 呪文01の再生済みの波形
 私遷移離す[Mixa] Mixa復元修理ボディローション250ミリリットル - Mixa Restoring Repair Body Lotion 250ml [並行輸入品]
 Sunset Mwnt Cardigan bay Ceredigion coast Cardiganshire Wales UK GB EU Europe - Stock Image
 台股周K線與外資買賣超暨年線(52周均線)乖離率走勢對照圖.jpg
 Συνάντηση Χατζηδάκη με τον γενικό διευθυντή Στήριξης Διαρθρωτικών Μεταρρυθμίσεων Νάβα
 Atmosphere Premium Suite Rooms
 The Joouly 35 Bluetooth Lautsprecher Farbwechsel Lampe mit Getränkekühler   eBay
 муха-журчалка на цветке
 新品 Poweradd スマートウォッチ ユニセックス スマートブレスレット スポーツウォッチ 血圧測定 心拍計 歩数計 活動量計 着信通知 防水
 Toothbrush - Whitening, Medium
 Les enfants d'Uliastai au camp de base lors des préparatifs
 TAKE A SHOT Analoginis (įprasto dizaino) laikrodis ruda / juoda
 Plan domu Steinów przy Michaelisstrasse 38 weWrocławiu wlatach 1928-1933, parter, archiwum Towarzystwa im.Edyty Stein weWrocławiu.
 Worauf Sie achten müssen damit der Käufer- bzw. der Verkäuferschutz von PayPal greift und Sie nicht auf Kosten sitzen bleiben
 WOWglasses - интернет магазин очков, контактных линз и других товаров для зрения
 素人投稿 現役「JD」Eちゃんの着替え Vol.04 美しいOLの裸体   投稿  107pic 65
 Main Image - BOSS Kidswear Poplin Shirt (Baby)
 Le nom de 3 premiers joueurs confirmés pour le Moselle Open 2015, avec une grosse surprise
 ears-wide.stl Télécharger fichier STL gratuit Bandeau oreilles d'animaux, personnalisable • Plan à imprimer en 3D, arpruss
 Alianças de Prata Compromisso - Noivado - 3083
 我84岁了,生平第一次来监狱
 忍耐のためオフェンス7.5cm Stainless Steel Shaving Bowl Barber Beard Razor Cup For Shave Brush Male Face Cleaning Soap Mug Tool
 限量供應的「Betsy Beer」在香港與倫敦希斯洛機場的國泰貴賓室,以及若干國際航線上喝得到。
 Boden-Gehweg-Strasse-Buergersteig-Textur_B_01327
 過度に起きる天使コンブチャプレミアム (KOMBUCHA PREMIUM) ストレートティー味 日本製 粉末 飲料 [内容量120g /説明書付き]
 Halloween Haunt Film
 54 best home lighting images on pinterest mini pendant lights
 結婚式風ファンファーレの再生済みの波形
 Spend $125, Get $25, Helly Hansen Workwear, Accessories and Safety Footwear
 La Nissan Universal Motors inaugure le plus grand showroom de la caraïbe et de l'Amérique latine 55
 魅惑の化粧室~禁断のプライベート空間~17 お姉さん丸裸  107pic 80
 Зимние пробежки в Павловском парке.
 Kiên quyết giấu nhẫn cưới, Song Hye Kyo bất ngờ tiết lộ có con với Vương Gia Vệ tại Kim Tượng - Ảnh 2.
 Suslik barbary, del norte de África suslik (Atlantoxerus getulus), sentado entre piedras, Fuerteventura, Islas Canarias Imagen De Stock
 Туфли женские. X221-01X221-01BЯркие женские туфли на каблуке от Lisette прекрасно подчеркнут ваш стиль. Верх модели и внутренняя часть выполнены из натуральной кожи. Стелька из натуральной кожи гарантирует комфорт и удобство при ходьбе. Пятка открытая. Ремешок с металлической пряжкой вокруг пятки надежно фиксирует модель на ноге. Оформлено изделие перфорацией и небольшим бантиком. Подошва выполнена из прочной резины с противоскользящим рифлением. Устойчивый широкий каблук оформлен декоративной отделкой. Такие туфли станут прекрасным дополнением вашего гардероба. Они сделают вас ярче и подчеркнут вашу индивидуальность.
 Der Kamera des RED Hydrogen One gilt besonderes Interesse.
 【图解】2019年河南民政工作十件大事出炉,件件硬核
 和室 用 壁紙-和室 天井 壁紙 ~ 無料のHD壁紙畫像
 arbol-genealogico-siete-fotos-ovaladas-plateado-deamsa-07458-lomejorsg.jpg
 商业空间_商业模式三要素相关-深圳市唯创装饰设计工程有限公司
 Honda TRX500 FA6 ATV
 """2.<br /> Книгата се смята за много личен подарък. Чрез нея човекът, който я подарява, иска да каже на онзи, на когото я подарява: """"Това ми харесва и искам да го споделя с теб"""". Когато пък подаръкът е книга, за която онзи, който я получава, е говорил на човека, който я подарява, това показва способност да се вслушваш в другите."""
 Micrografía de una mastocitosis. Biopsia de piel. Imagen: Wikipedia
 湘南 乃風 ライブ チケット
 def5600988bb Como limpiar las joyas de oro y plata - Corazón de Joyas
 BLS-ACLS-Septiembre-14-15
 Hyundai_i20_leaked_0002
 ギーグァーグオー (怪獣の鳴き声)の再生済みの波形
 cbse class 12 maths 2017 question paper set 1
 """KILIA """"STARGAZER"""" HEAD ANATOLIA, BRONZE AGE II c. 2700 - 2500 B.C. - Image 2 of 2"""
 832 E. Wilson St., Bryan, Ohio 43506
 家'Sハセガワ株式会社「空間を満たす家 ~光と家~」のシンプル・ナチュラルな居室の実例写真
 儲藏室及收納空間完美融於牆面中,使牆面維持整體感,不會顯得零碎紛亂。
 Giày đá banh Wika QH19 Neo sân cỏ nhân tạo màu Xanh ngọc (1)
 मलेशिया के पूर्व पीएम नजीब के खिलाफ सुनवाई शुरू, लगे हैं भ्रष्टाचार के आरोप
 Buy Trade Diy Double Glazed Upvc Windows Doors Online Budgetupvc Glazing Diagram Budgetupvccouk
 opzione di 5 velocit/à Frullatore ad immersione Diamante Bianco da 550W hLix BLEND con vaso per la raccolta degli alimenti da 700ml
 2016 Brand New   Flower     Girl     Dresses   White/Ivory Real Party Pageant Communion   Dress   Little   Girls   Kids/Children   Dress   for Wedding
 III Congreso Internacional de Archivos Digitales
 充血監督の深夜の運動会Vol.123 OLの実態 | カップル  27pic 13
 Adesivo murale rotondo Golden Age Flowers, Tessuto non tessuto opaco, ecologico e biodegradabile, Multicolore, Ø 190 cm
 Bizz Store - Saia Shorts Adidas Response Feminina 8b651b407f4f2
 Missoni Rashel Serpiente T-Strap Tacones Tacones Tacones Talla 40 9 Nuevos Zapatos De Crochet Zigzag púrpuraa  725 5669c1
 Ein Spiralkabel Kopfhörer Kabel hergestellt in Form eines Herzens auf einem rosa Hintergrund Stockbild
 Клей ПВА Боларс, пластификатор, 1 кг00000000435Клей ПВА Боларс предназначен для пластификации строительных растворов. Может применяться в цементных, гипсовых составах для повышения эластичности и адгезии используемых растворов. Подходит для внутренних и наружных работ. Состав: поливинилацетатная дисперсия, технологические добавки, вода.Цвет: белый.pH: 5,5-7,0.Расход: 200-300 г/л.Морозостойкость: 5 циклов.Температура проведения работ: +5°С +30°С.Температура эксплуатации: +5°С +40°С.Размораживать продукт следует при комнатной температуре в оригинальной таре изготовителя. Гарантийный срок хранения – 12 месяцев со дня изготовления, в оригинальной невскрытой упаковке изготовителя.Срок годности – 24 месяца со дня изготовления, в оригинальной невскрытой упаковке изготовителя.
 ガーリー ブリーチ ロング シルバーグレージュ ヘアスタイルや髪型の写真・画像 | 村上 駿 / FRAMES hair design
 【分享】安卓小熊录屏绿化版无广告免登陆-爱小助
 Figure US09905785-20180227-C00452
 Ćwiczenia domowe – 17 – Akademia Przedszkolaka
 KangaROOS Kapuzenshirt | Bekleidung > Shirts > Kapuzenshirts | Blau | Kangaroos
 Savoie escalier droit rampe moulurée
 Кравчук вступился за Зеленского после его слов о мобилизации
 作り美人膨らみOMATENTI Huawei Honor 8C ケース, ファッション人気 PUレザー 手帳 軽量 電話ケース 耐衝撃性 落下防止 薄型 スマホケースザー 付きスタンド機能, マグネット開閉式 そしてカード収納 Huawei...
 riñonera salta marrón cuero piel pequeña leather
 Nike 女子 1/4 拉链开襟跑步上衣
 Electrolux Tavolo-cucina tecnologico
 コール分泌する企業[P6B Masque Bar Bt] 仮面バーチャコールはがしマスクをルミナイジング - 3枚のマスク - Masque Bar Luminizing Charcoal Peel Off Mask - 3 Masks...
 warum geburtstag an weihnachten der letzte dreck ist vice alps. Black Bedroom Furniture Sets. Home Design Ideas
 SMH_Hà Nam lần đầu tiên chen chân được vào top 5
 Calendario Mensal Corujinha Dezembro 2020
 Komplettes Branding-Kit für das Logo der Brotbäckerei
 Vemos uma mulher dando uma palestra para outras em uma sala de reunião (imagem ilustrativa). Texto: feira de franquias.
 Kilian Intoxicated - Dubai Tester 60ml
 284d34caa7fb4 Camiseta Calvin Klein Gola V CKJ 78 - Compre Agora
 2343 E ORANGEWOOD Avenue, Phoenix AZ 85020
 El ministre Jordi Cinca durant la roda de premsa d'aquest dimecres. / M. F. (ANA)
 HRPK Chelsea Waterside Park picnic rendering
+ + + + + + +
### [Problem description]
From the listing above, copy every line where the string "Imagen" is found.

### [Answer for the task]
 Suslik barbary, del norte de África suslik (Atlantoxerus getulus), sentado entre piedras, Fuerteventura, Islas Canarias Imagen De Stock
 Micrografía de una mastocitosis. Biopsia de piel. Imagen: Wikipedia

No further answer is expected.